His return to the field will feature three familiar faces on the Liberty sideline. In addition to Megginson, Flames starting rover JaVon Scruggs was on Appomattox’s first two state championship teams when the Raiders met the Pioneers in the 2015 and ’16 regular seasons.
Liberty reserve linebacker Micah Glaize also played against Snead in 2015 and ’16 with Brookville.
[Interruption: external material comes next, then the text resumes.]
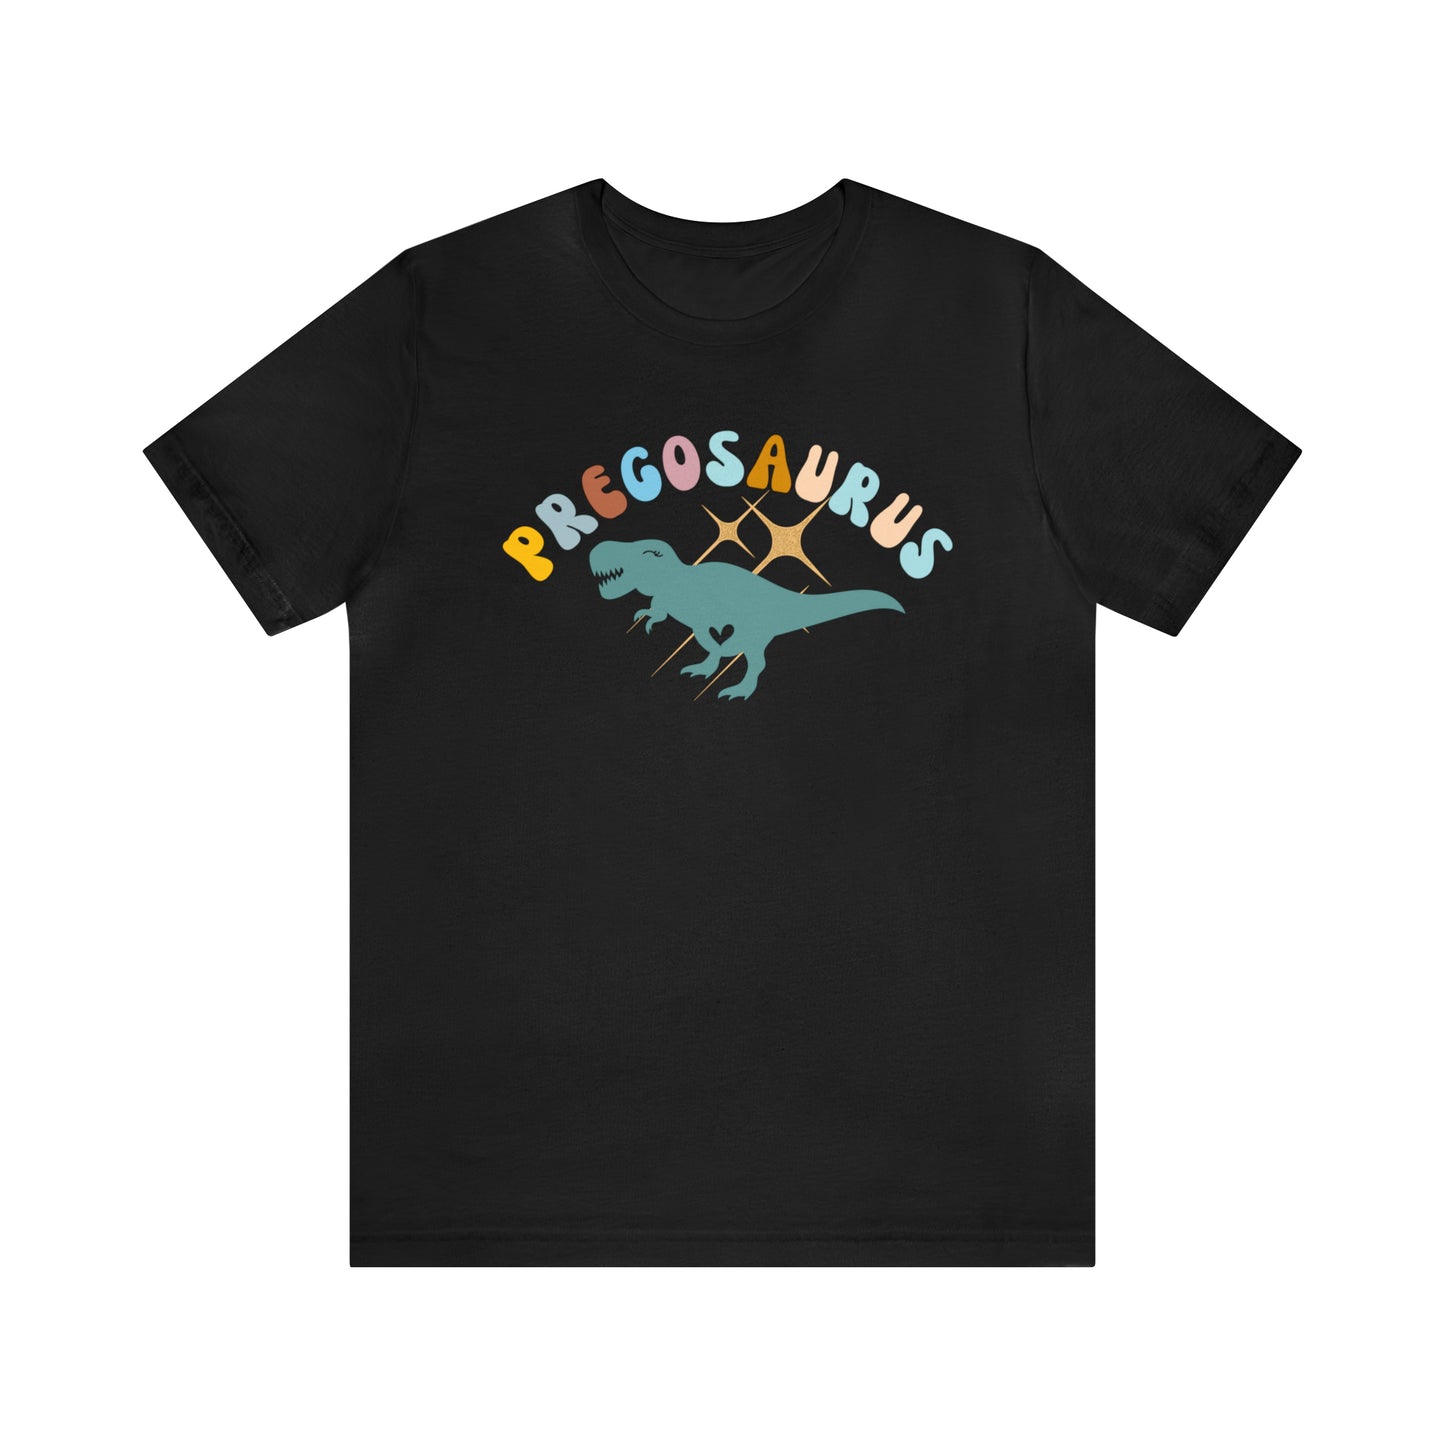 Funny Pregosaurus TShirt for Baby Shower, Funny Gift for Expecting Mom Shirt for Baby Announcement, T274

“That’s pretty much my dog. That’s my brother,” Megginson said. The two grew up playing little league football and basketball together, and they played against each other in middle school. Snead attended Dunbar and Megginson went to Sandusky.
“I’m ready and excited to go up against him this weekend,” Megginson added.
The 6-foot-4, 215-pound Snead gives Campbell a viable big threat on the boundary. The redshirt senior, in less than two full seasons, ranks second in Campbell history with 1,364 receiving yards and 15 receiving touchdowns. He is two receptions away from cracking the program’s top five.
Snead reached the 1,000-yard mark in a program-record 14 games, topping the previous mark of 17 set by Aaron Blockman in 2016.
“Within their RPO game, he’s really effective at just giving the quarterback a big, strong, possession guy that attacks the football and runs really well for a guy his size,” Liberty defensive coordinator Scott Symons said. “ … I really think it gives them an ability to open up their offense a lot more and stretch the field vertically.”
Snead enjoyed a breakout 2018 campaign with the Camels. He garnered first-team freshman All-America honors from Phil Steele and HERO Sports, and he followed that up in 2019 with comparable statistics before his season was cut short because of the hand injury.
Snead, for his return to the gridiron, has set three goals for the 2021 season.
The first is staying positive at all times on the field through the games, and the second is making sure he never lacks self-confidence.
The third is more ambitious, but attainable: “I want to get back to where I was, and that’s to be a first-team All-American,” he said.
Snead didn’t just sit around while he was injured. He immersed himself in film study. He watched every game and practice his teammates competed in, then added more film review of other college and professional teams.
He wanted to learn every trick and gain every advantage so he could make an explosive return to the Camels’ lineup.
“The game actually slowed down for me, so now when I’m out there on the field, I’m not thinking about this [particular coverage],” he said. “I can read the coverage easily, so the mental part I think has gotten a lot better.”
The surgery to repair the torn labrum was actually a blessing in disguise. Snead said he was born with a natural impingement in his hip. The surgery created more range of motion, which has allowed him to become faster and more flexible.
That pain he endured while his teammates were playing hasn’t subsided. In fact, he said it was only fueled recently when the Big South released its preseason all-conference team, and Snead was not included among the wide receivers.
“The one thing that I think I just want people to see is that this monster, it ain’t done nothing but grow,” he said. “It ain’t went nowhere. It’s still here and it’s worse. I’m just ready to get on that field and kill it. That’s what I do. The people that are doubting me, I love it. It’s just fuel to the fire every day. I’m really just ready to show people that I’m one of the best in the nation.”